Kuriozalny przepis UEFA wywołał śmiech w Norwegii
Pierwszy mecz zespół Kjetil Knutsen rozgrywał u siebie. Ich rywalem było portugalskie FC Porto. Jako że zawodnicy mieszkają na co dzień w centrum Bodo, przeważnie na stadion zespołu docierają pieszo. Tym razem nie mogli tego zrobić ze względu na kuriozalne przepisy UEFA.
Nakazują one, by każdy klub dotarł na stadion autobusem. Nie ma znaczenia rozmiar miasta czy preferencje zawodników. Specjalnie na potrzeby meczu w Lidze Europy drużyna musiała zebrać się w jednym miejscu, a następnie oficjalnie podjechać pod obiekt. Traf chciał, że zbiórka miała miejsce… 220 metrów od stadionu. Wszyscy szli pieszo, ale piłkarze musieli pokonać jeden zakręt i oficjalnie wysiąść z pojazdu.

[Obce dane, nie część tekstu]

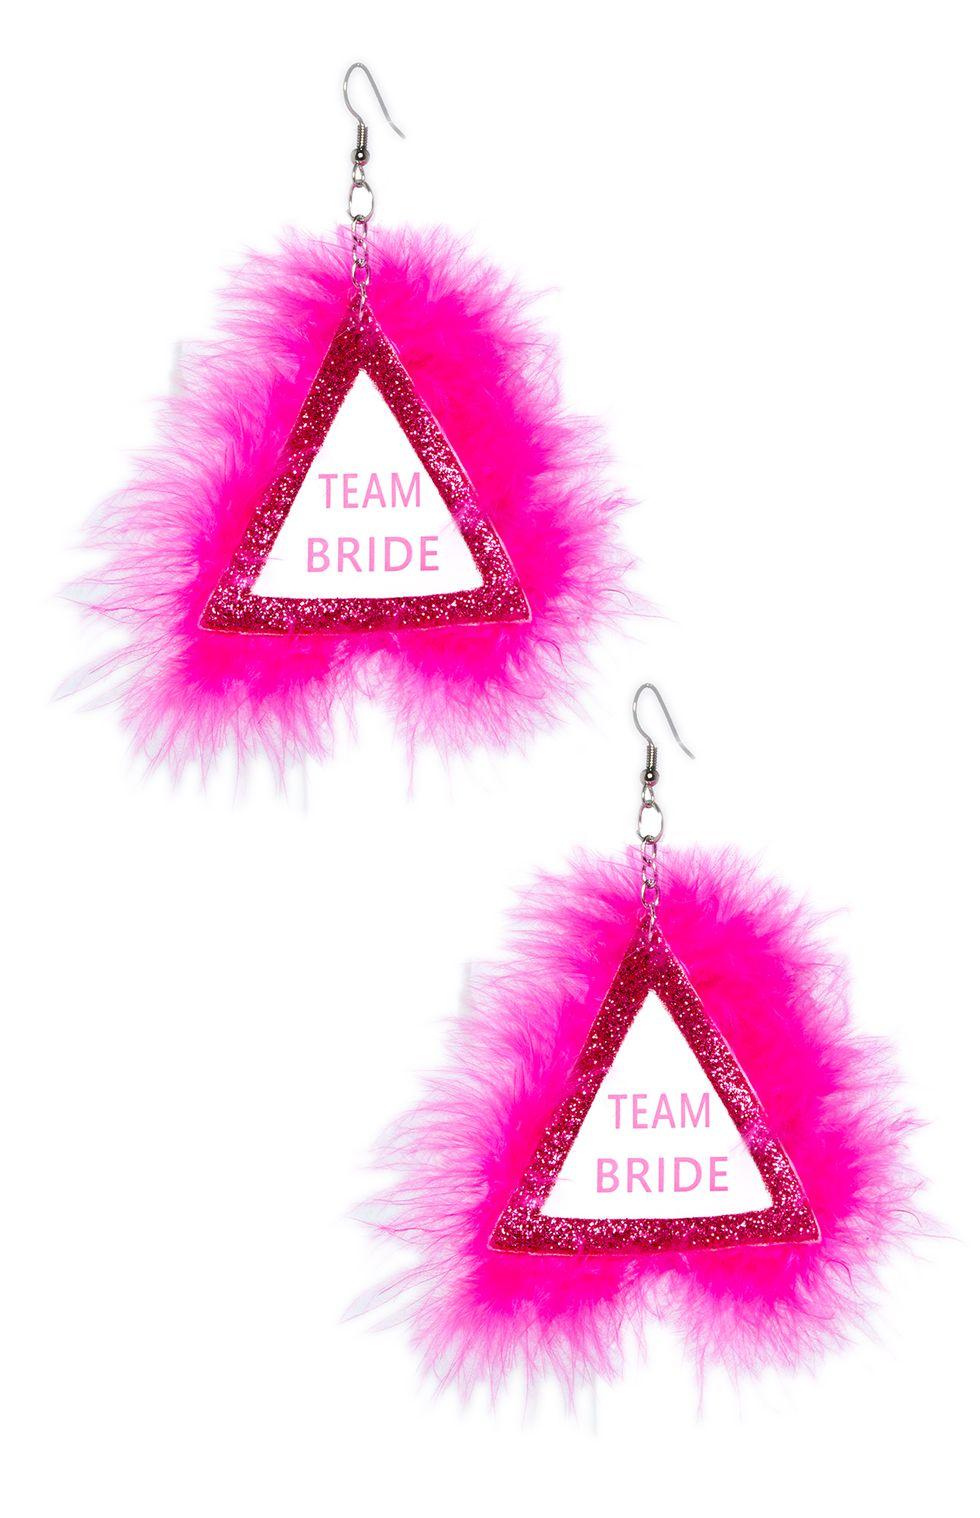 Primark lancia la linea Bridal per la sposa e... L'addio al nubilato

Norweskie media nie potrafią zrozumieć sensu tej zasady. UEFA powołuje się na „integracje zespołu”, a także na materiały, które służą później przy transmisji telewizyjnej. W tamtejszej kulturze nie przyjmuje się wykorzystywania jazdy samochodem/autobusem na tak krótkie dystanse.

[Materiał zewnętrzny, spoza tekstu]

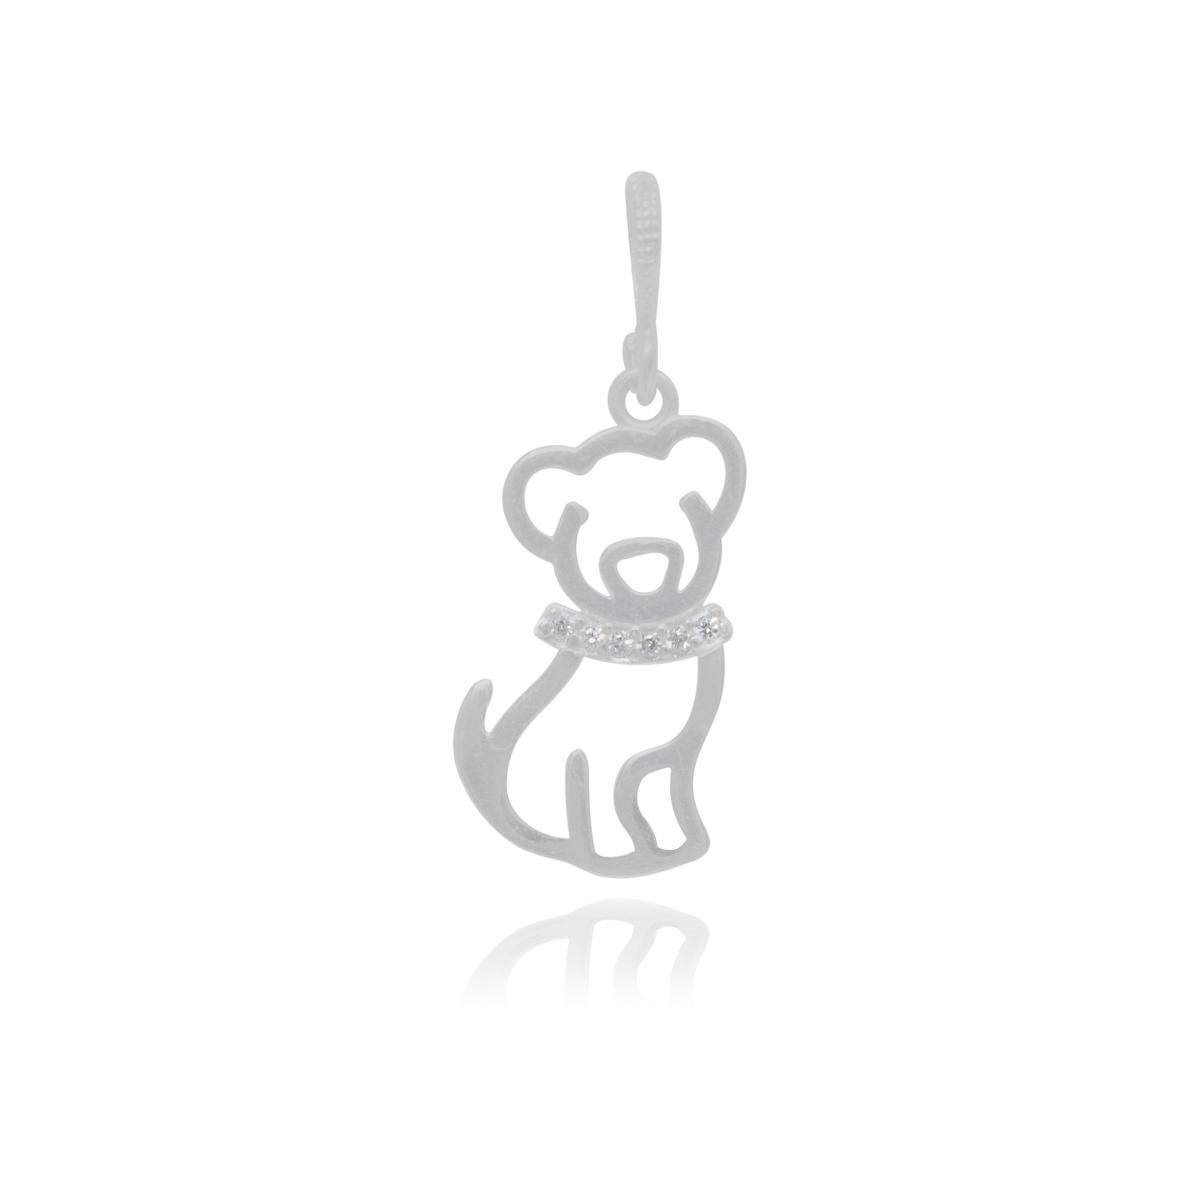 Pingente joia em prata de lei 925 pura cravejada Cão ou Gato

Bodo/Glimt ze zwycięstwem na początek Ligi Europy
Bodo/Glimt wygrało pierwszy mecz w Lidze Europy 2024/2025. Norwedzy pokonali FC Porto 3:2 za sprawą bramek Kaspera Hogha oraz Jensa Pettera Hauge’a. Zespół jest także aktualnym liderem lig norweskiej z przewagą siedmiu punktów nad SK Brann.